DATA SHOWN
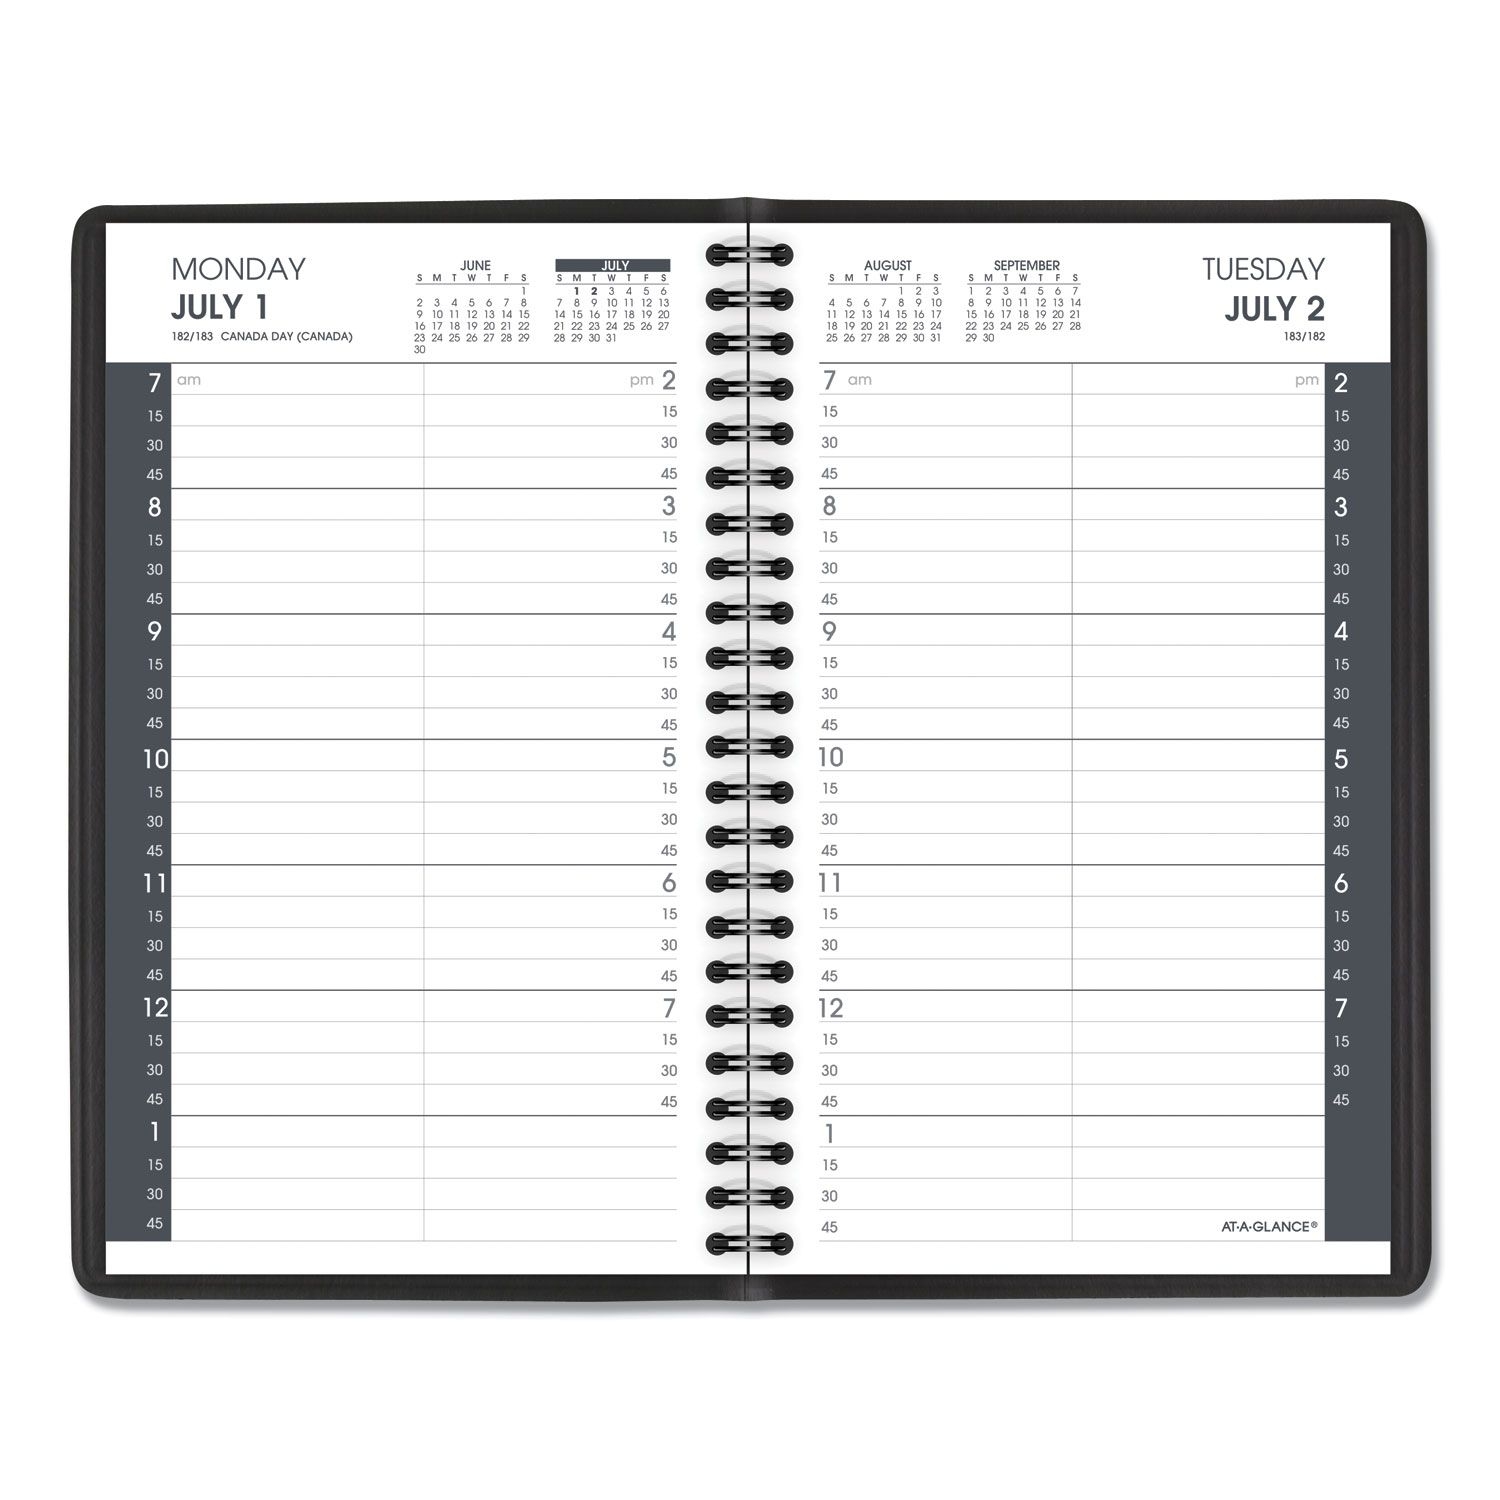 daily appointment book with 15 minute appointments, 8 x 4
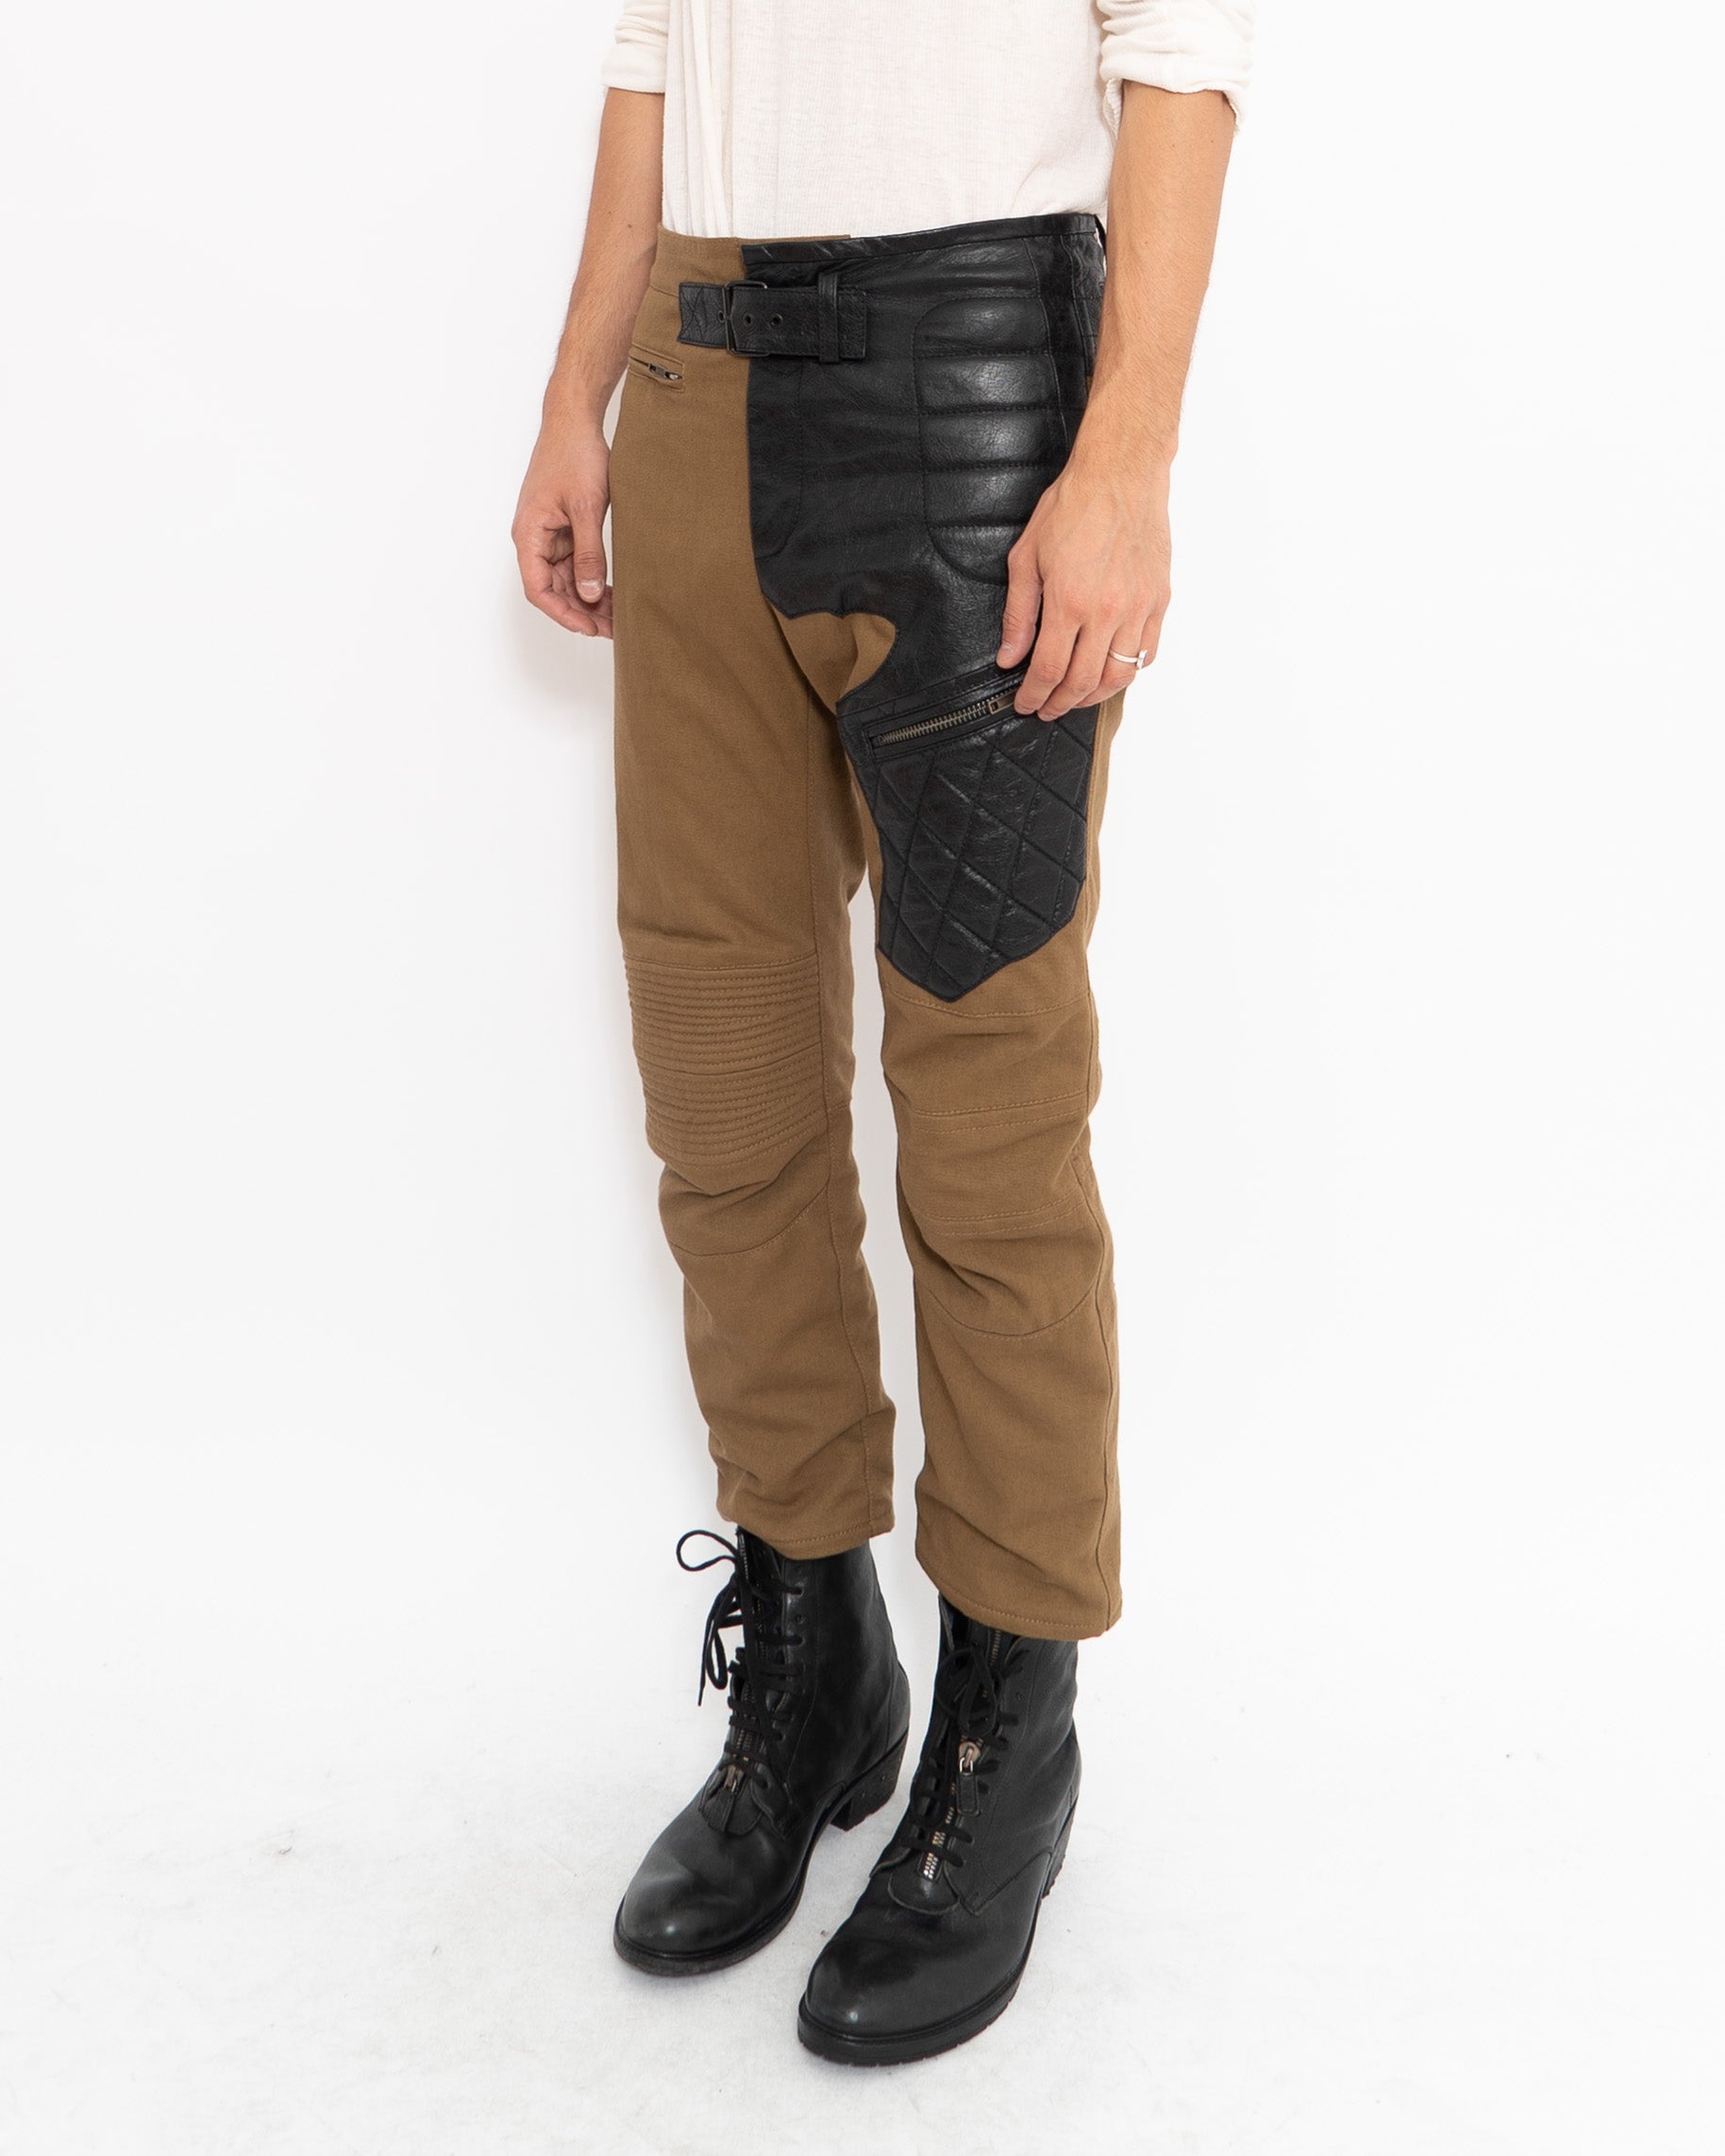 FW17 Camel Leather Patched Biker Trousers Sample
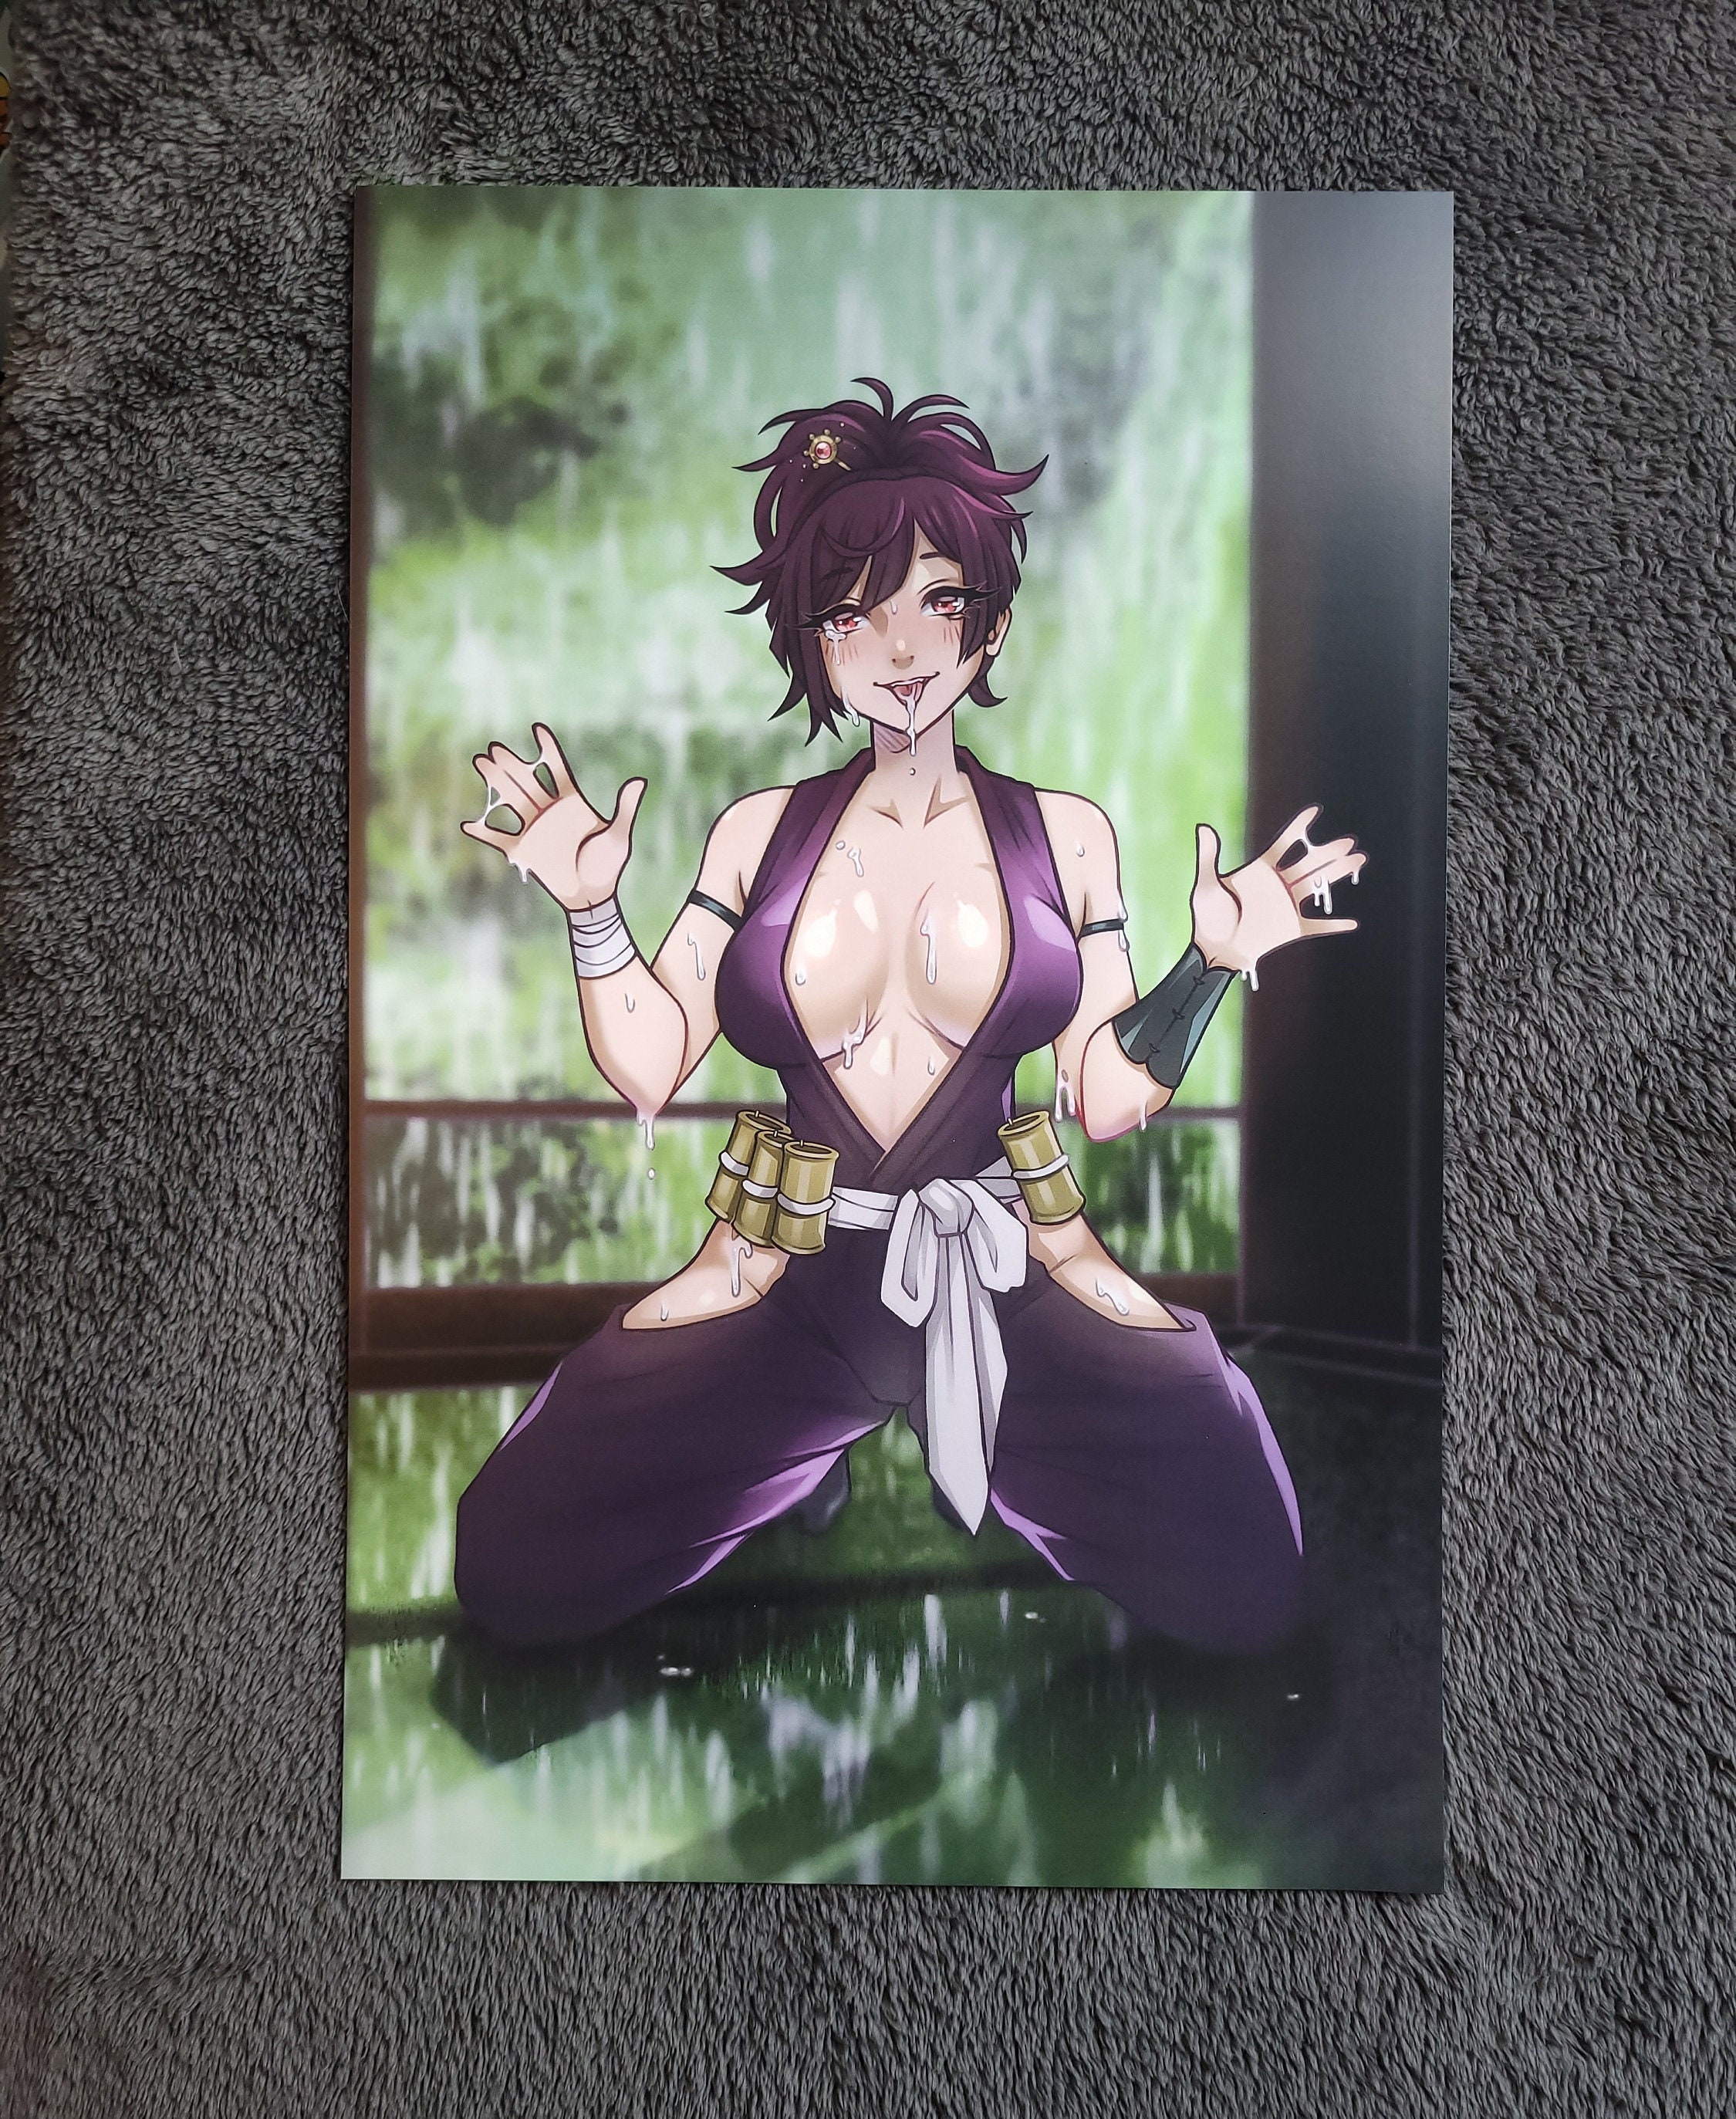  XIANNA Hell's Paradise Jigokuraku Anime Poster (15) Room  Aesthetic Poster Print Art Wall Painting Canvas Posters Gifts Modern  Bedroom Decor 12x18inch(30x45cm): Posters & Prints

ACTIVITY
Skip the pictures, please, and transcribe only the lines from the beginning of the material through the one that contains "FW17 Camel Leather".

WRITTEN ANSWER
 daily appointment book with 15 minute appointments, 8 x 4
 FW17 Camel Leather Patched Biker Trousers Sample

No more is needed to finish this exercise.